Derrick Barron wants to offset monies he claims the Feds owe him for employment discrimination against his income tax liabilities for three (count ‘em, three) years of six-figure income.

For a start, Derrick Barron tried to get the money in USDCNDIL (twice), got tossed both times, and 7 Cir. affirmed. So Derrick Barton doubled down. “Petitioner then filed a complaint alleging that the participants in the preceding lawsuits–including the defendants, their attorneys, the presiding judges, and the U.S. Government–had joined in a conspiracy to deprive him of employment benefits.  The Court of Appeals summarily affirmed the dismissal of that action and imposed sanctions on petitioner for frivolous filings. ” Order, at p. 3. (Citation omitted).

Derrick Barron did report the income, so IRS gave him a NFTL. Derrick Barron got a CDP but only stated he couldn’t pay but would go to the Supremes on his most recent toss. So he got a NOD.

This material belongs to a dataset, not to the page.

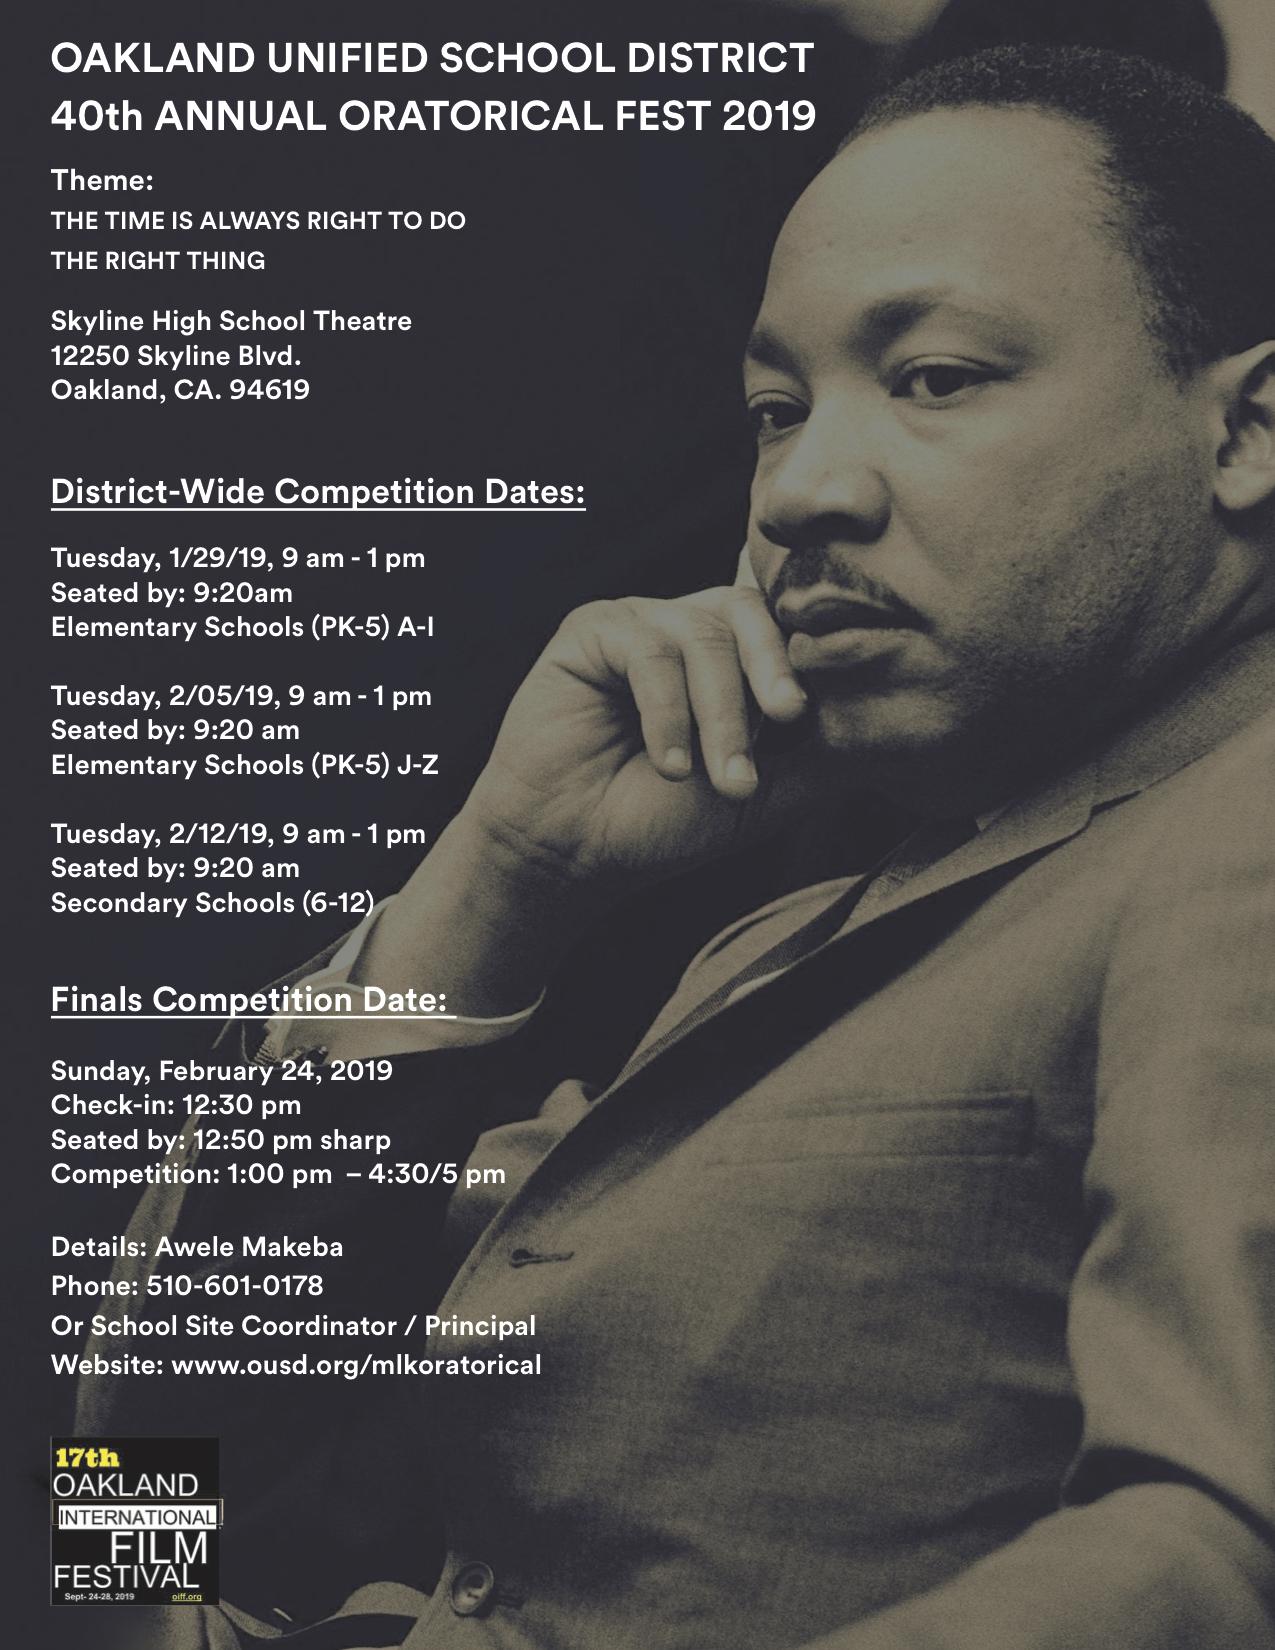 OUSD MLK Oratorical / 40th Annual MLK Oratorical
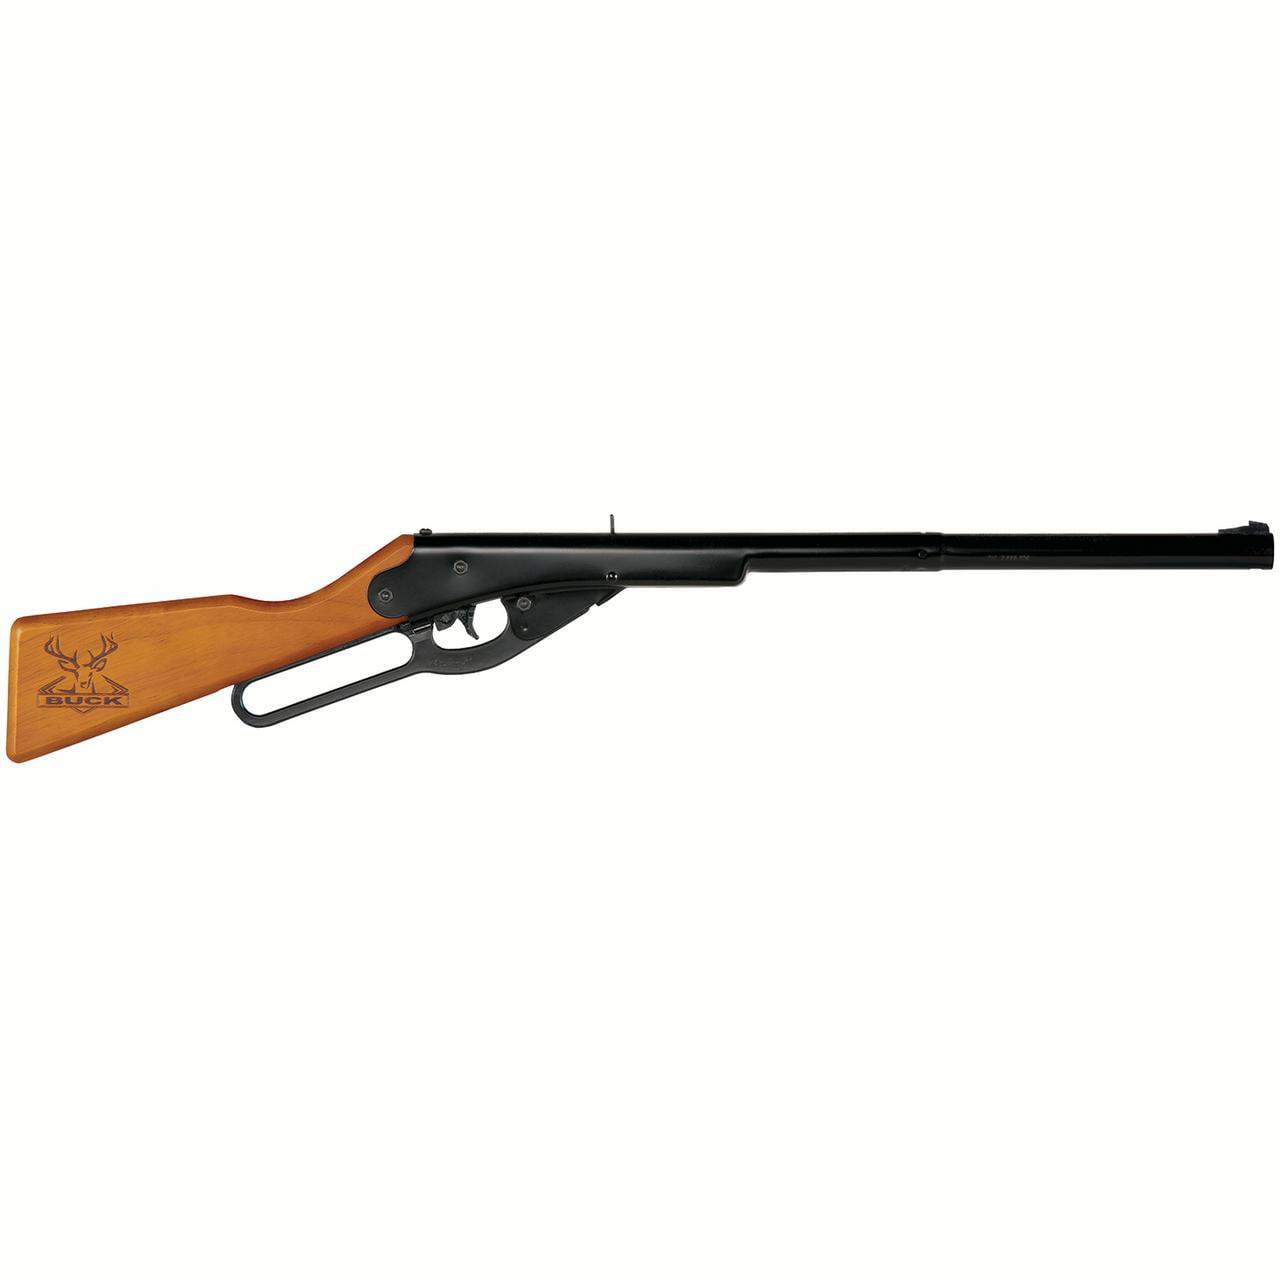 Ccebccfdaceddedeaaaddcfeddjpeg - Rental invoice template microsoft word best online gun store

Judge Lauber: “At the CDP hearing petitioner did not contend (or supply evidence) that his reported …tax liabilities were incorrect.  Nor did he allege that he has an ‘available credit’ from another year that could be applied to reduce those liabilities.  Rather, he wishes to offset against those liabilities a monetary judgment that he seeks in litigation deemed frivolous by every court to consider the question.

“We lack jurisdiction to consider petitioner’s collateral attack on his…tax liabilities.  Neither the SO nor we have authority to second-guess the decisions of the courts that have ruled against him.  Even if we had such jurisdiction, no legal authority exists for offsetting, against an assessed Federal tax liability, a claim against the Government in a totally unrelated matter.” 2019 T. C. Memo. 112, at pp. 8-9.

No Section 6673, but Derrick Barron does get the yellow card, because he wasn’t in Court (this was IRS seeking and getting summary J), so he wasn’t warned before proceeding.

I have often said that poets get it right, but I would caution Tax Court petitioners to be wary of William Blake: “If the fool would persist in his folly he would become wise.” Possibly wise, but maybe also poorer.